▶ **What is being asked**: Please repeat each line below exactly, with no images in the copy.

▶ **Recorded data**:
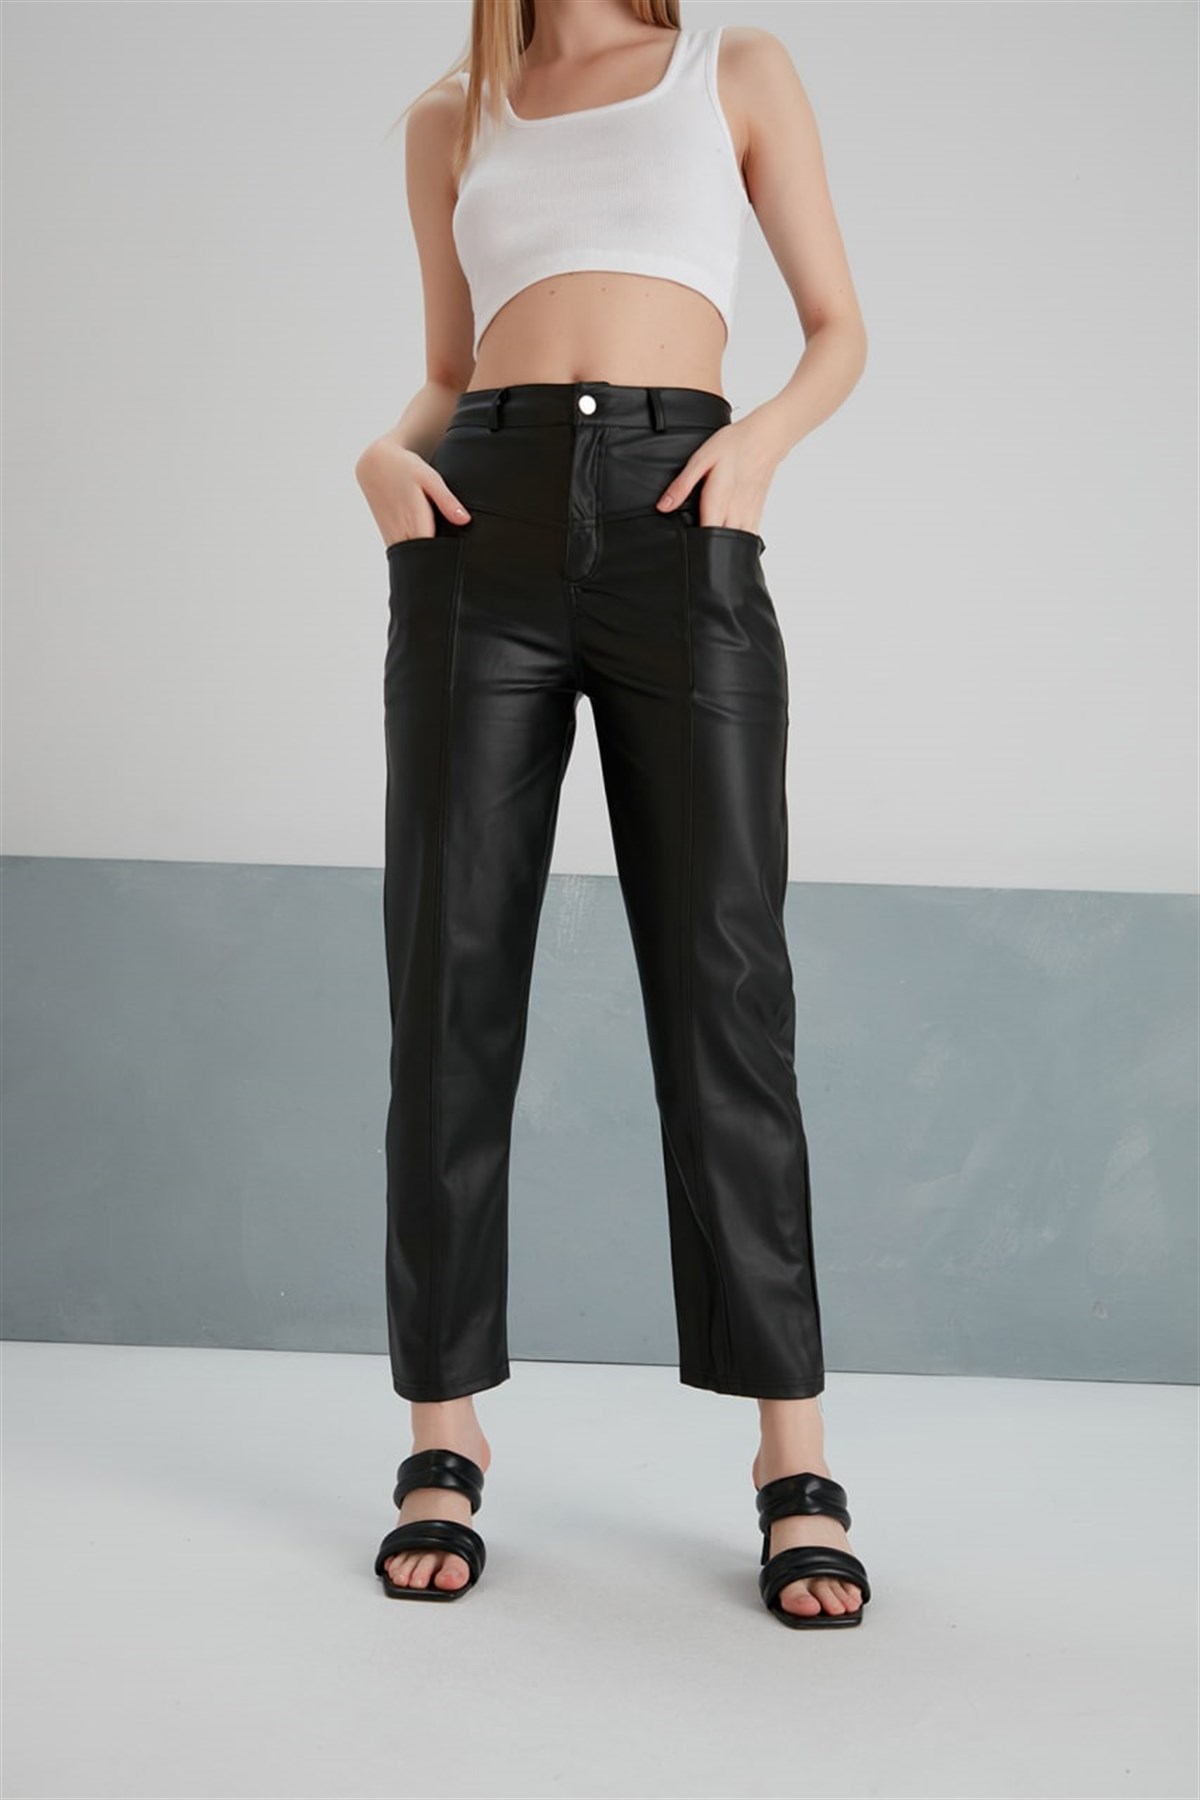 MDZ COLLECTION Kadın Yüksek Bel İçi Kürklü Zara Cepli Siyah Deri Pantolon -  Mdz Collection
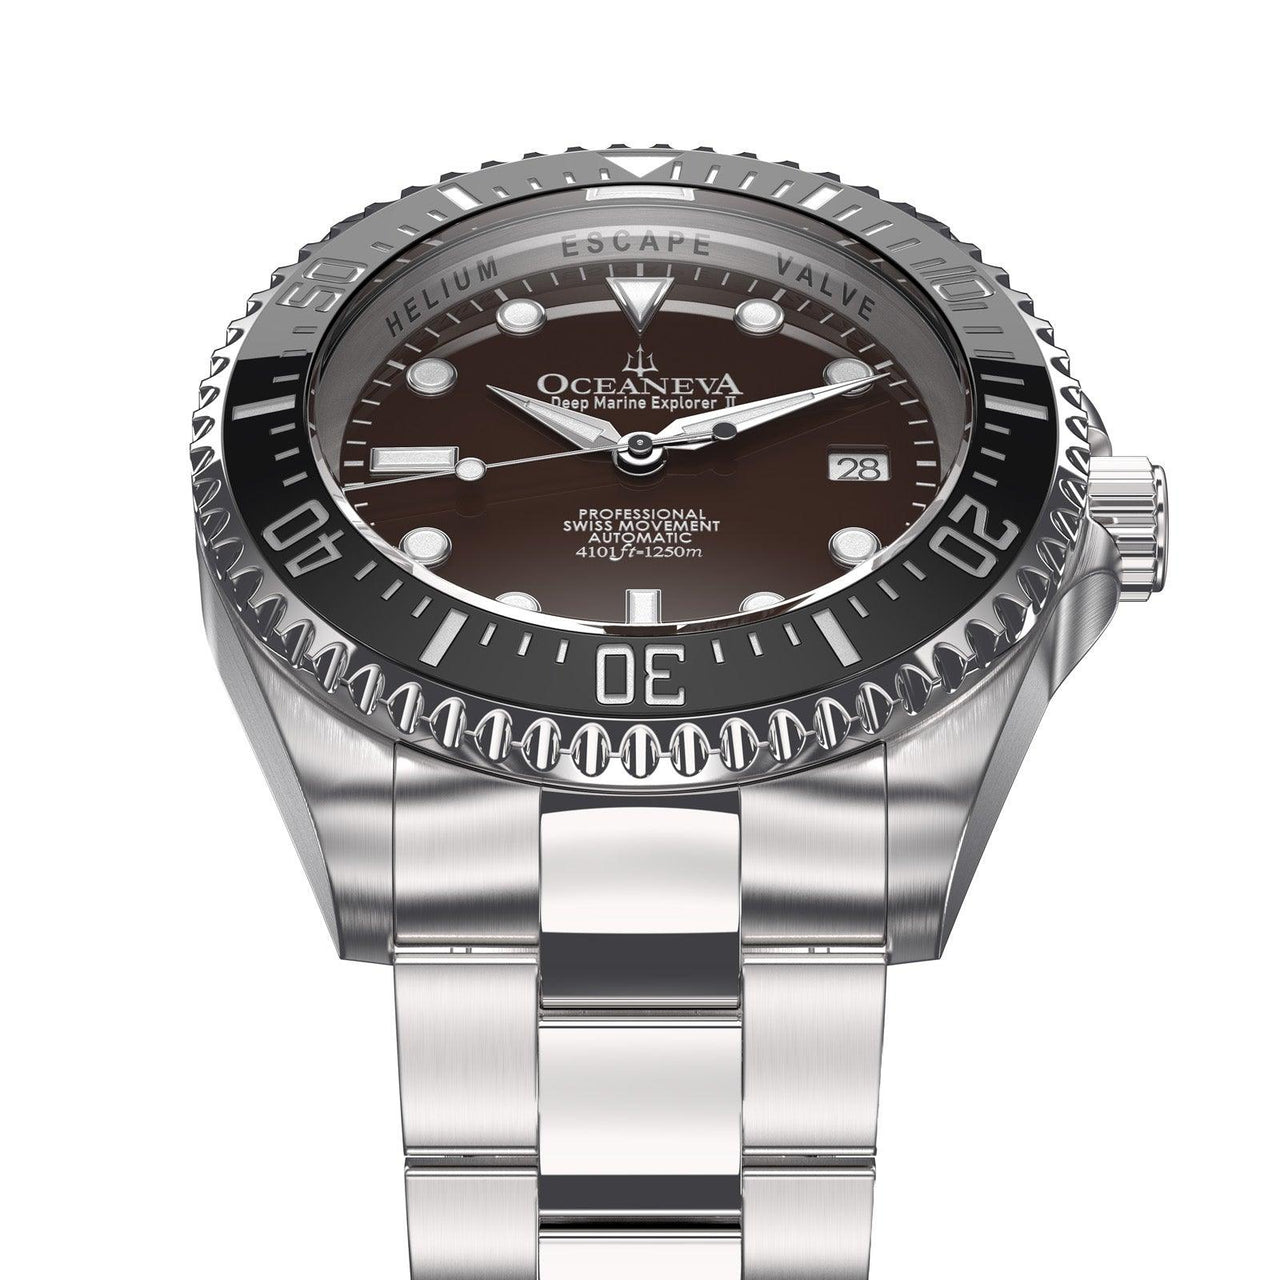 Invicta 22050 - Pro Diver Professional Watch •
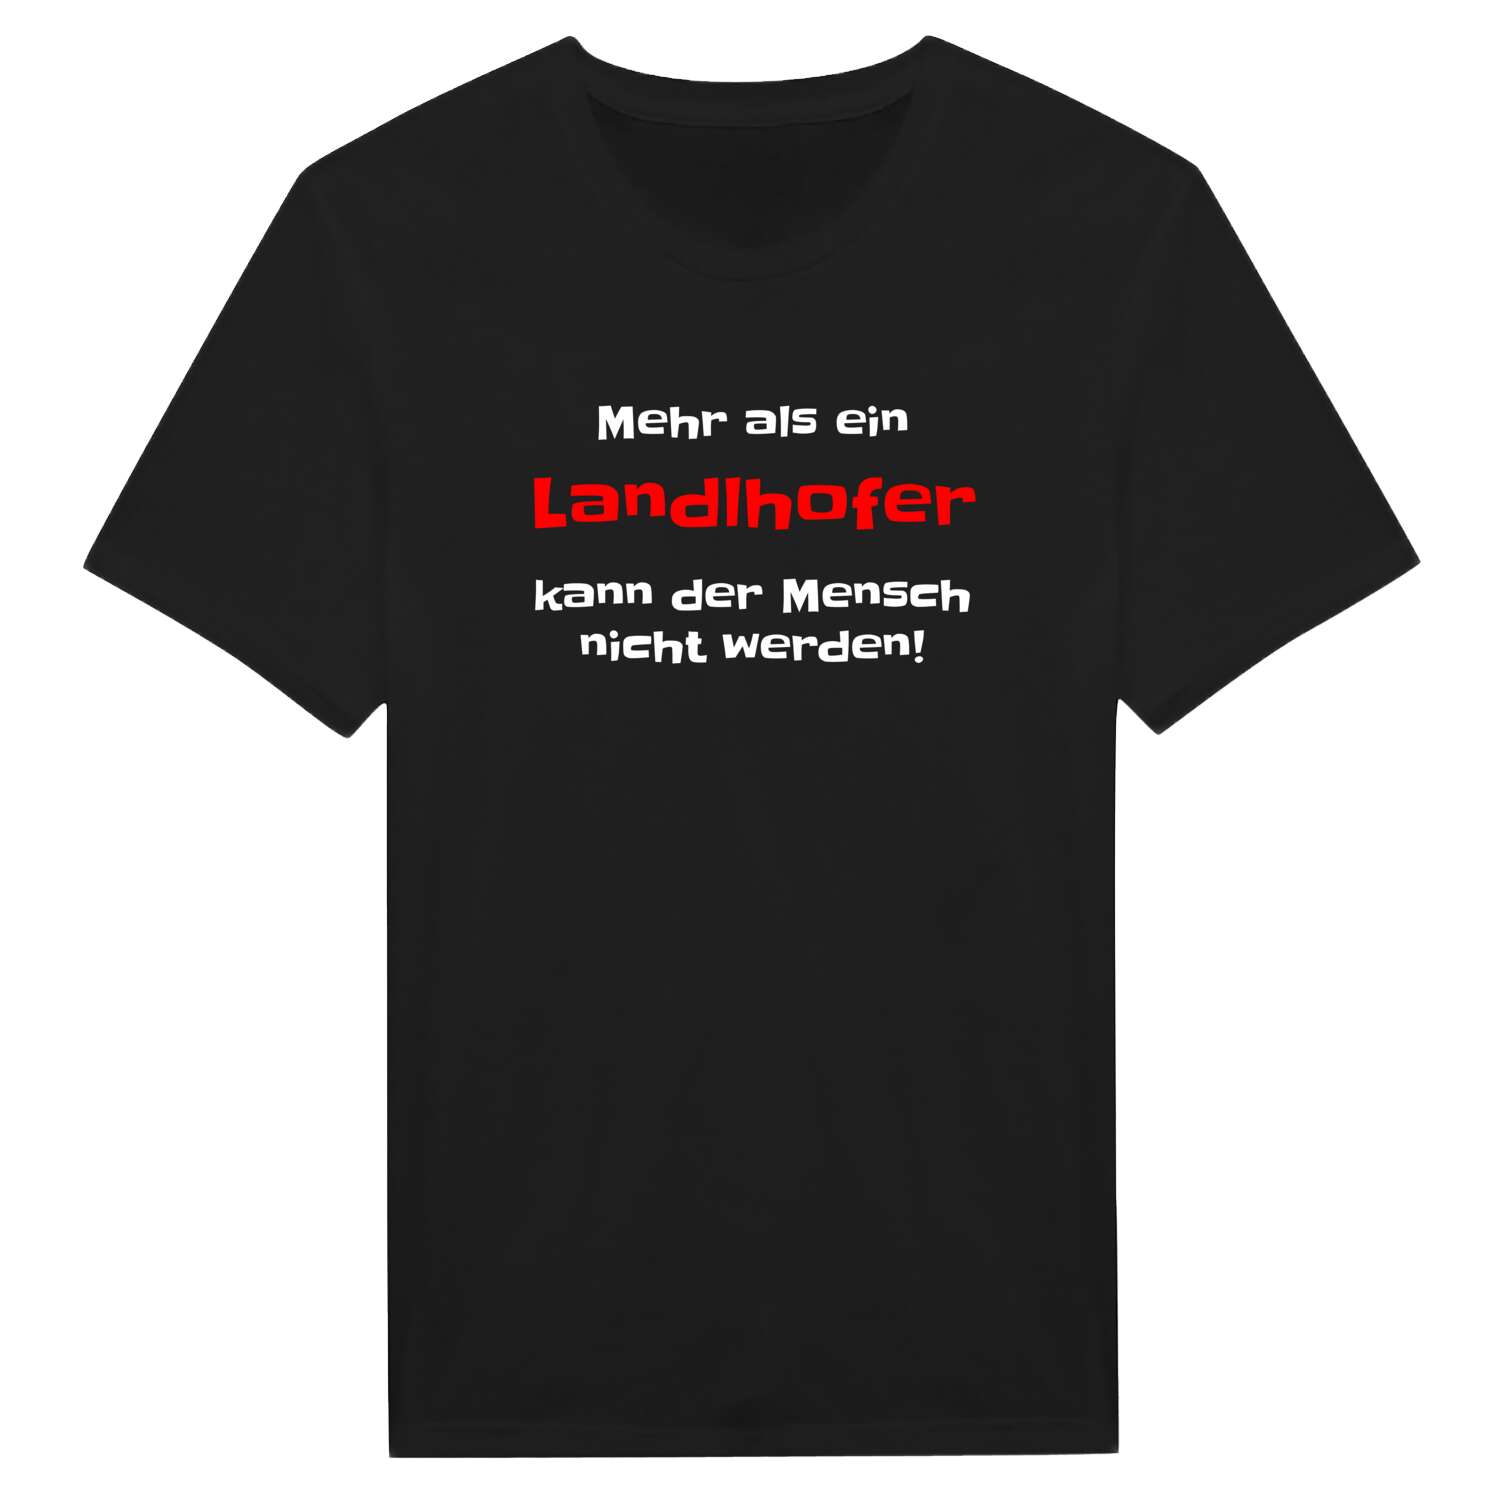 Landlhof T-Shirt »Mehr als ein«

▶ **Output for this exercise**:
 MDZ COLLECTION Kadın Yüksek Bel İçi Kürklü Zara Cepli Siyah Deri Pantolon -  Mdz Collection
 Invicta 22050 - Pro Diver Professional Watch •
 Landlhof T-Shirt »Mehr als ein«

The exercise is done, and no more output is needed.